### DATASET RECORDS
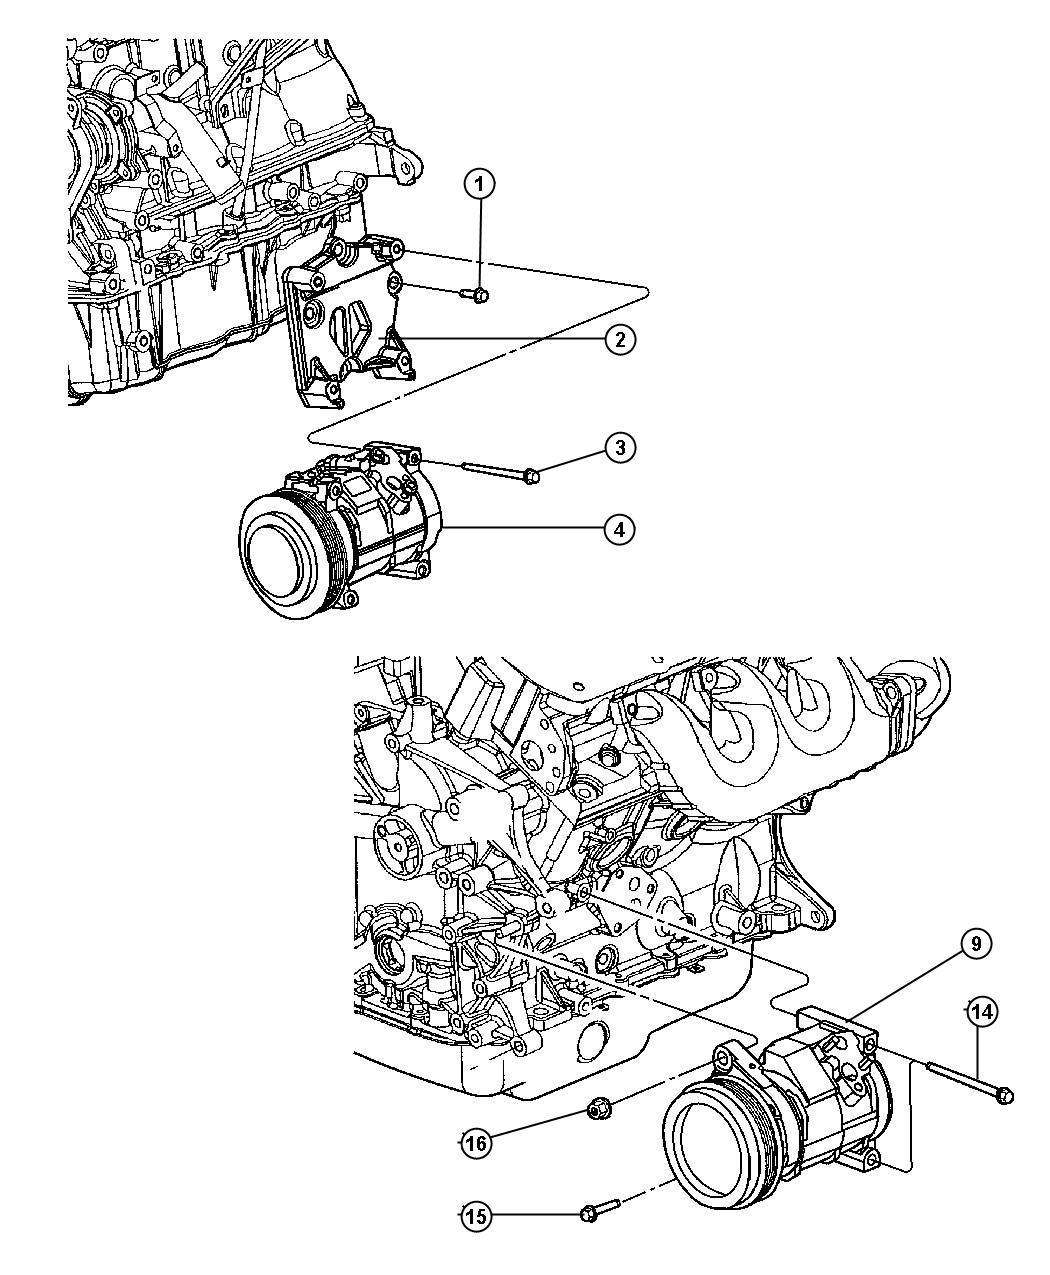 Dodge Caliber Compressor Air Conditioningsel Engine
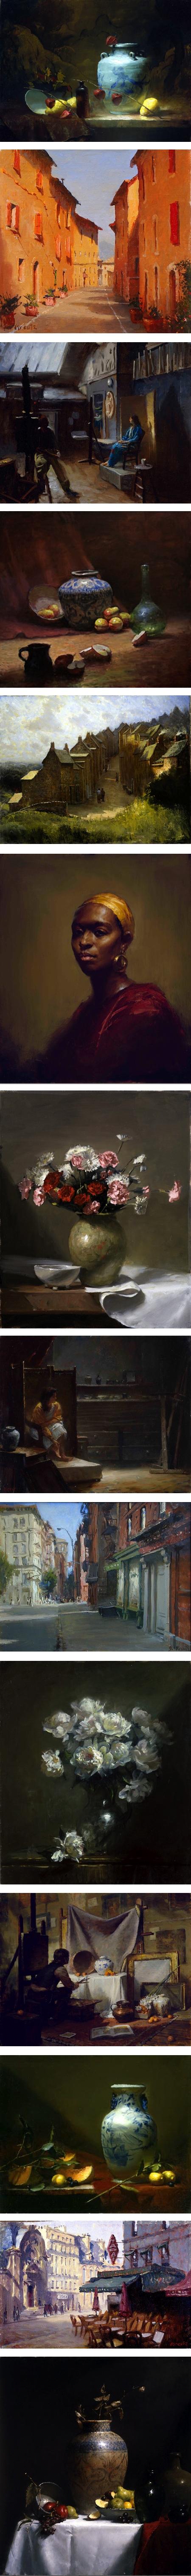 Gregg Kreutz, Problem Solving for Oil Painters
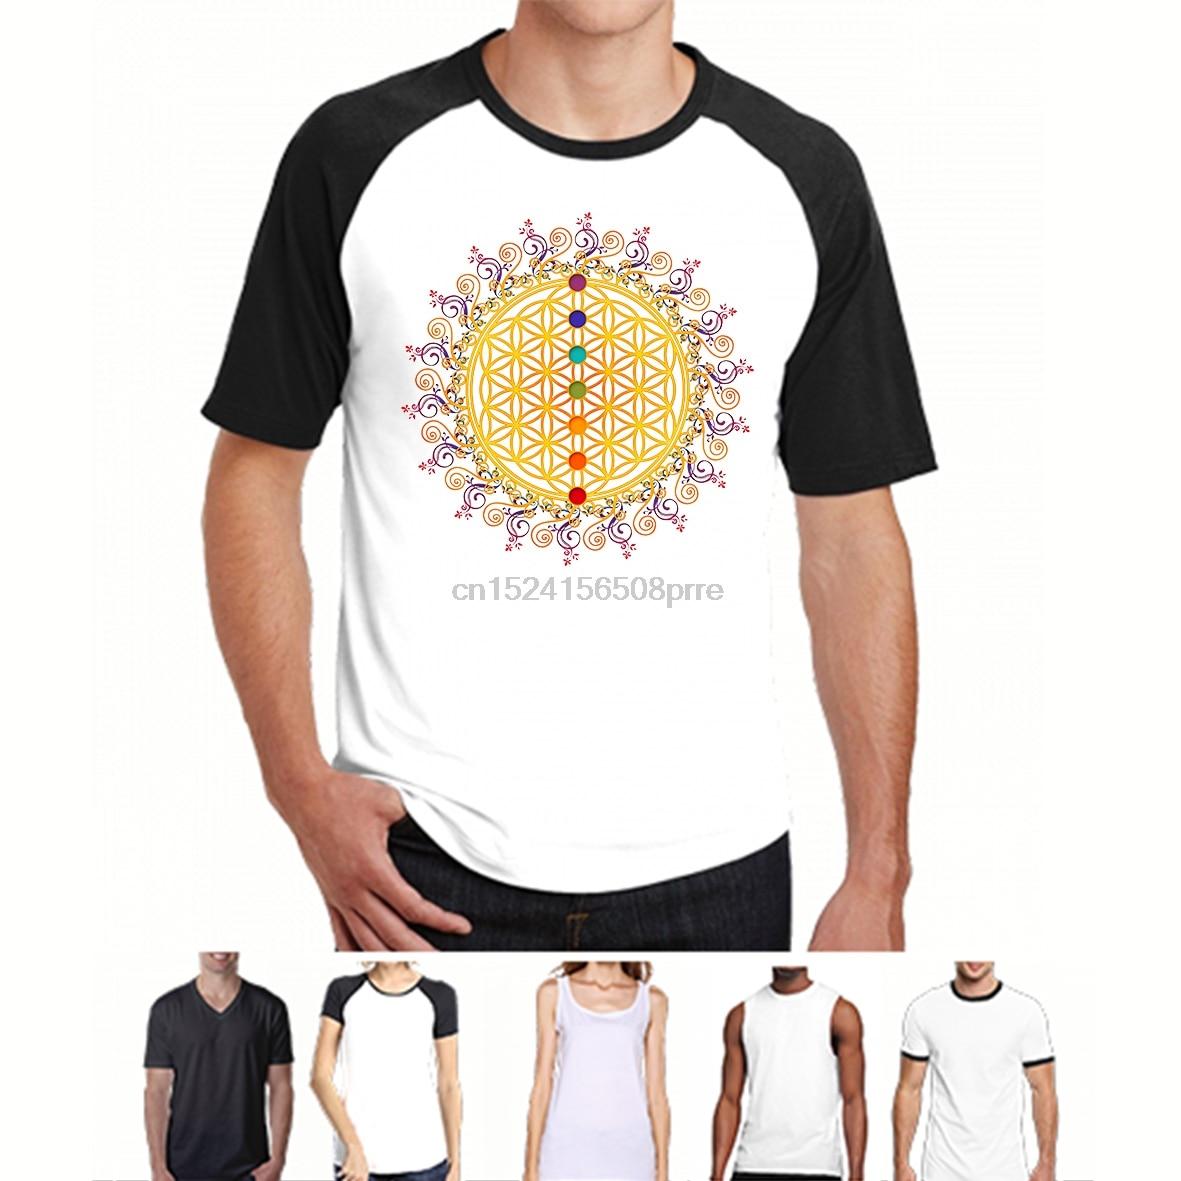 Fashion Cool Men T shirt Women Funny tshirt FLOR DE VIDA CHAKRAS espiritualidad yoga ZEN Customized Printed T-Shirt
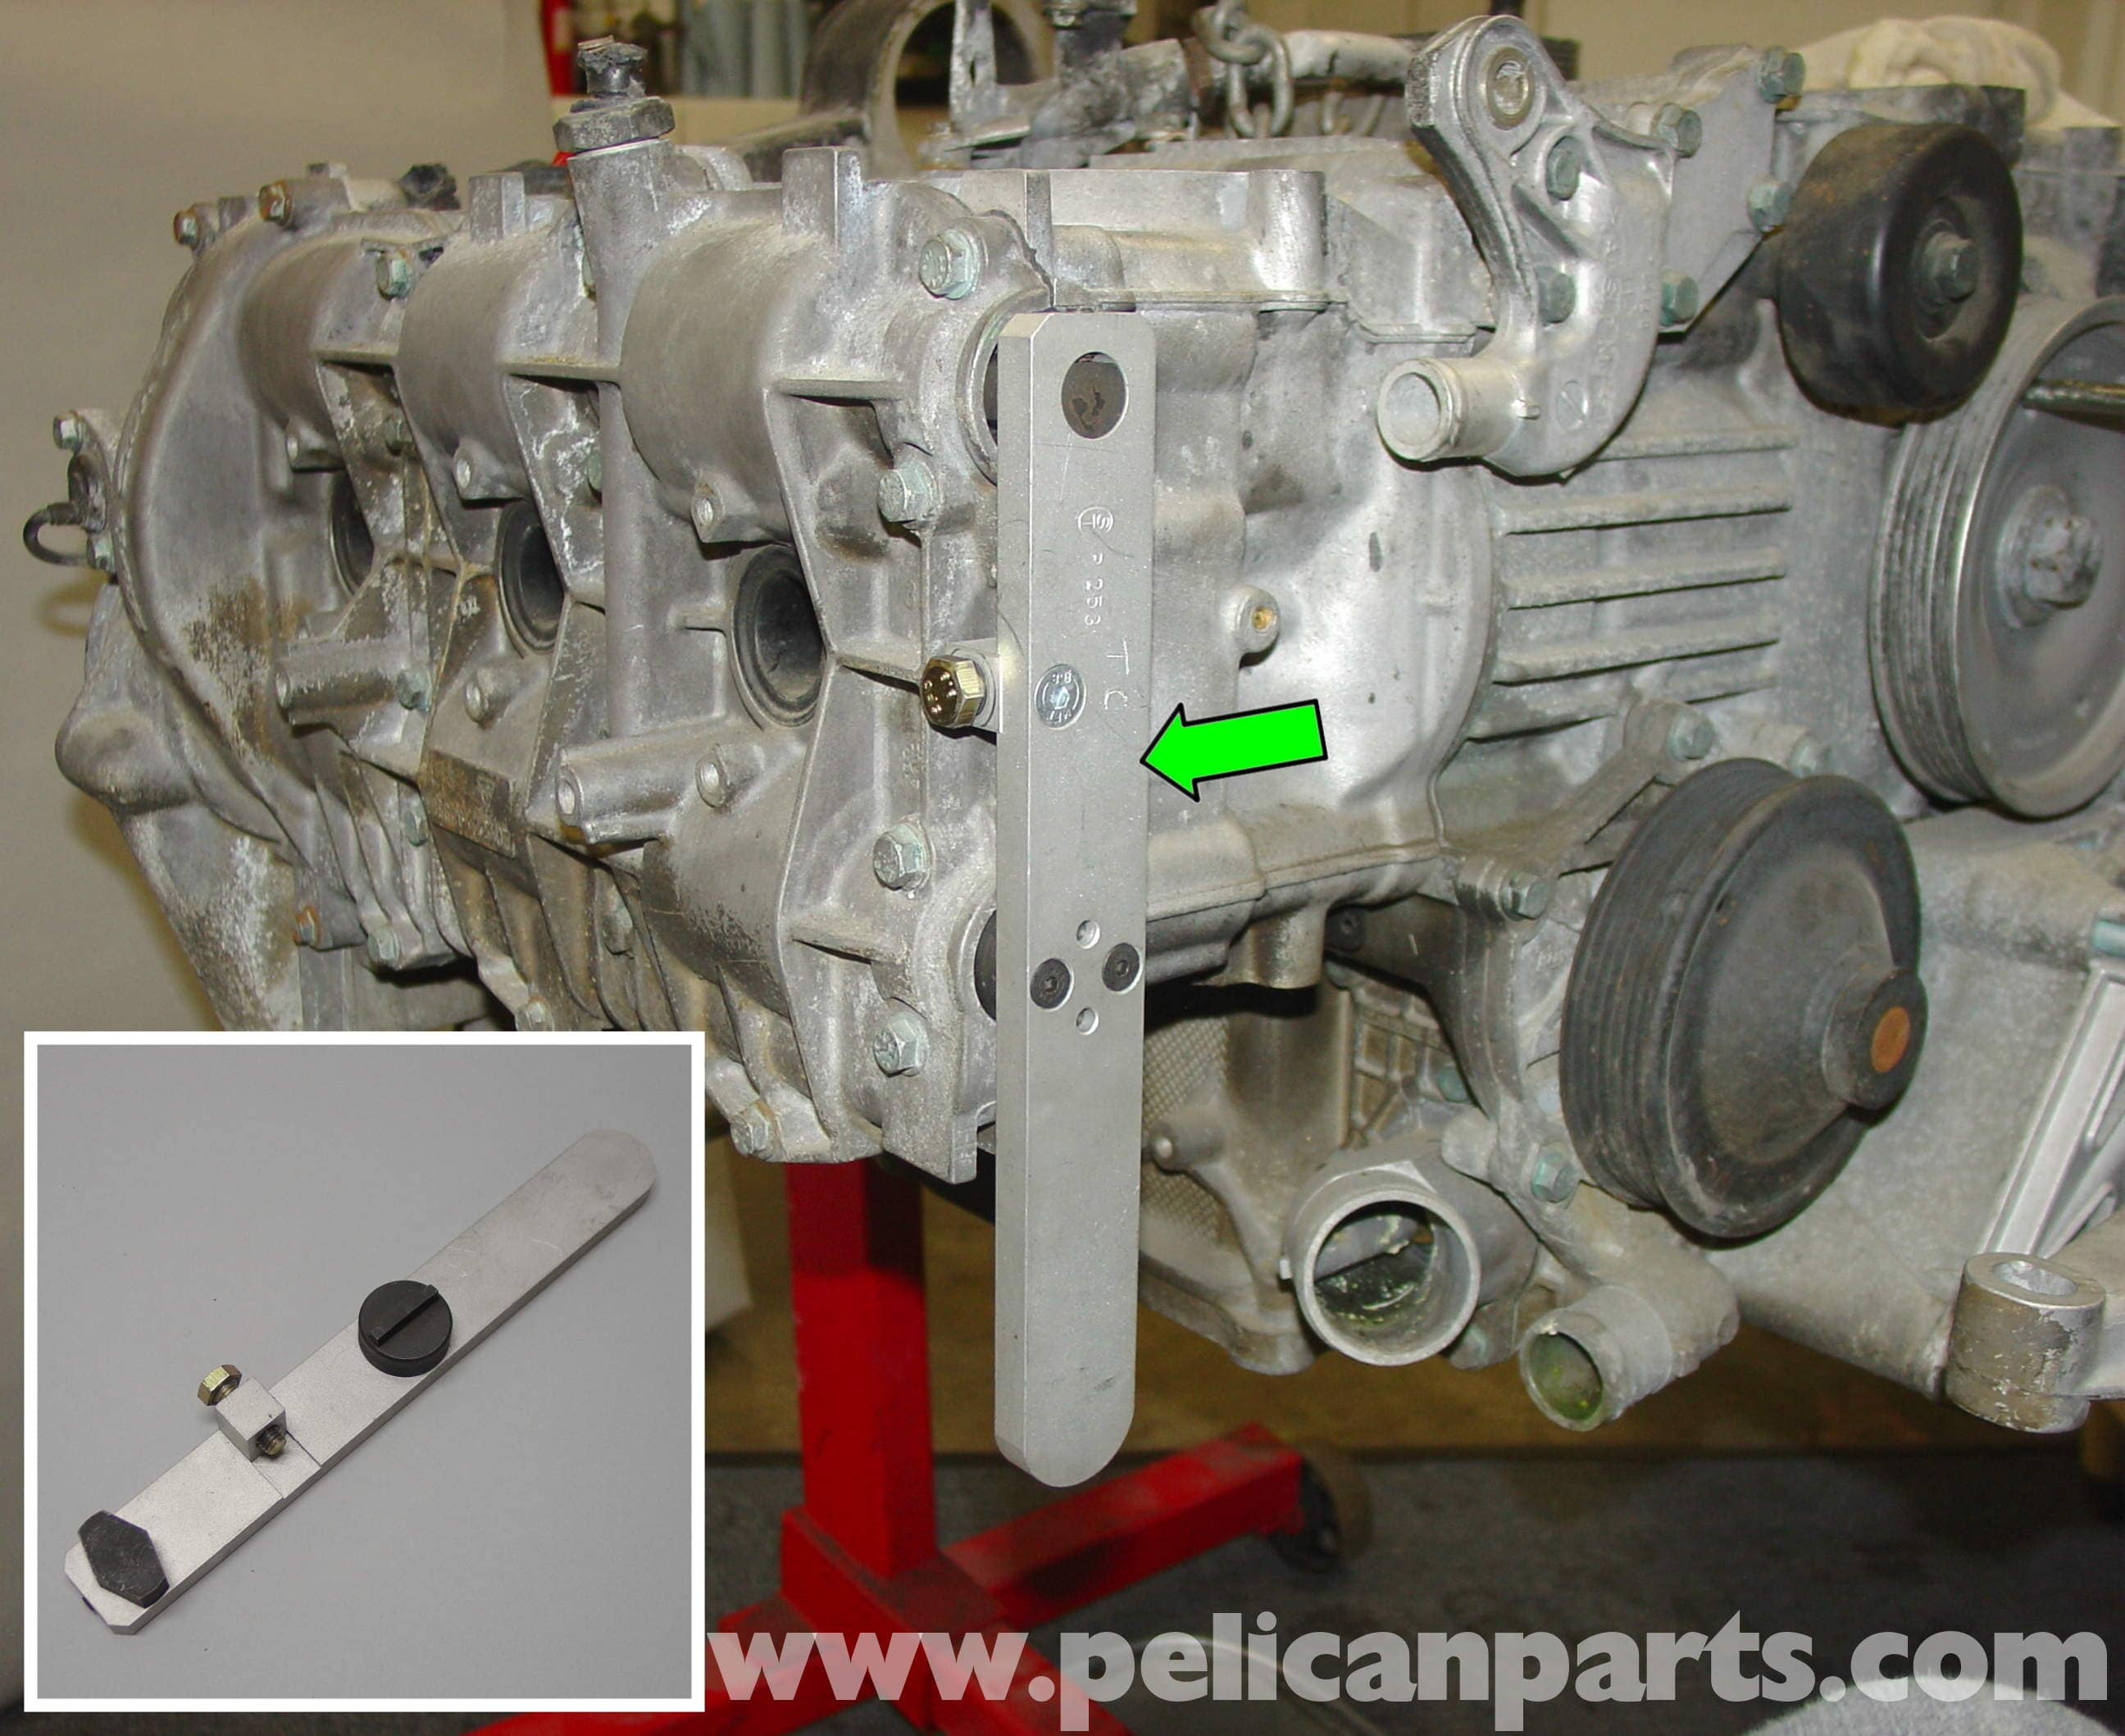 Porsche Boxster Camshaft Upgrade / Chain Tensioner
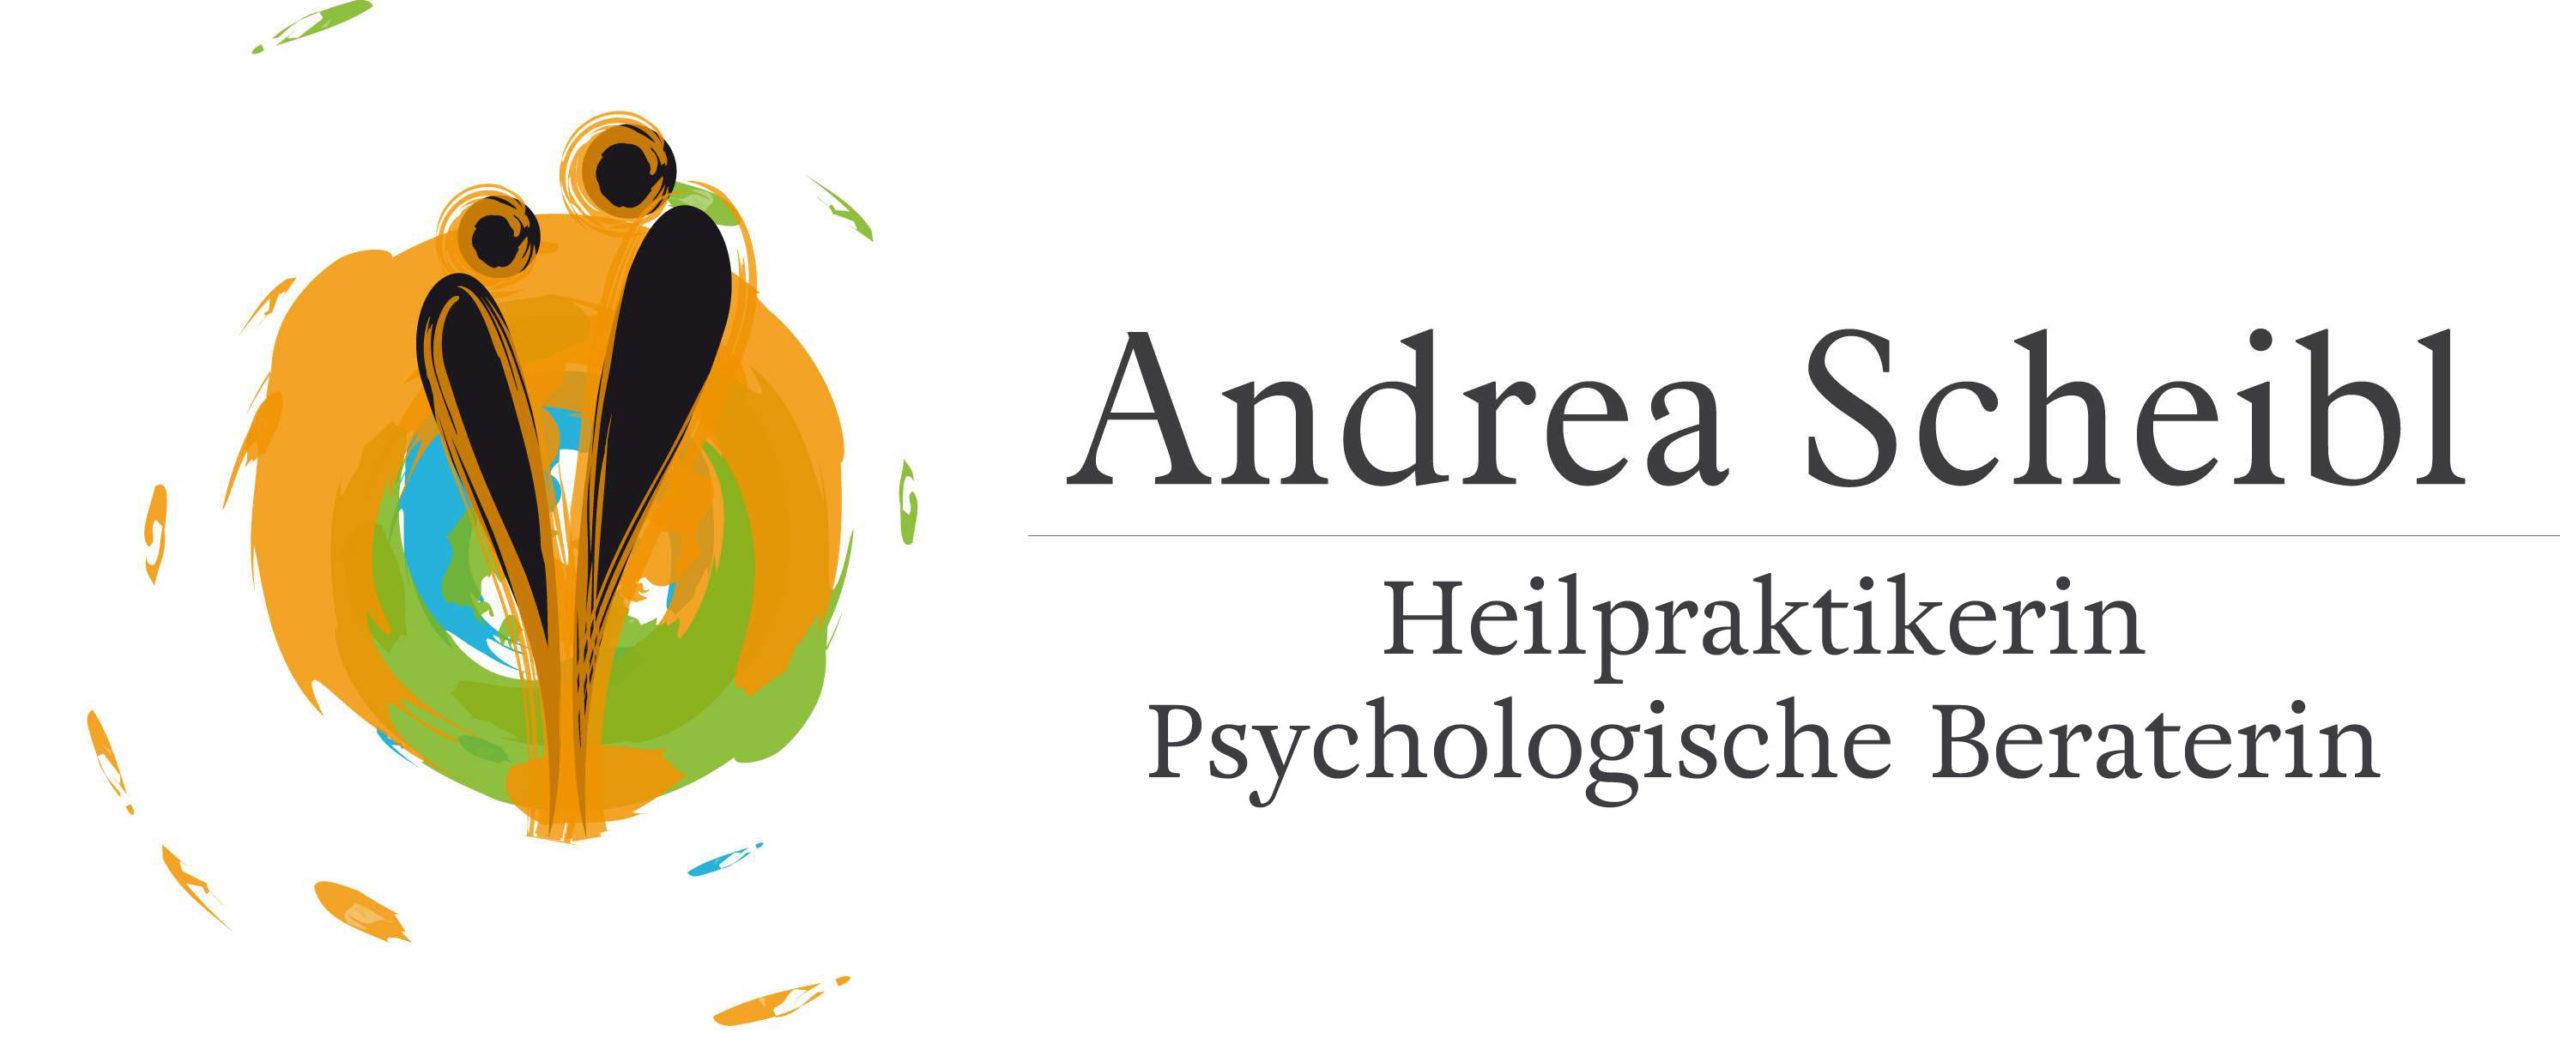 Andrea Scheibl - Heilpraktikerin, Amberg

### INSTRUCTIONS TO FOLLOW
Nothing but the lines from the one containing "Porsche Boxster Camshaft" through the last line of the data should appear in the answer, copied exactly, with pictures excluded.

### TASK OUTPUT
 Porsche Boxster Camshaft Upgrade / Chain Tensioner
 Andrea Scheibl - Heilpraktikerin, Amberg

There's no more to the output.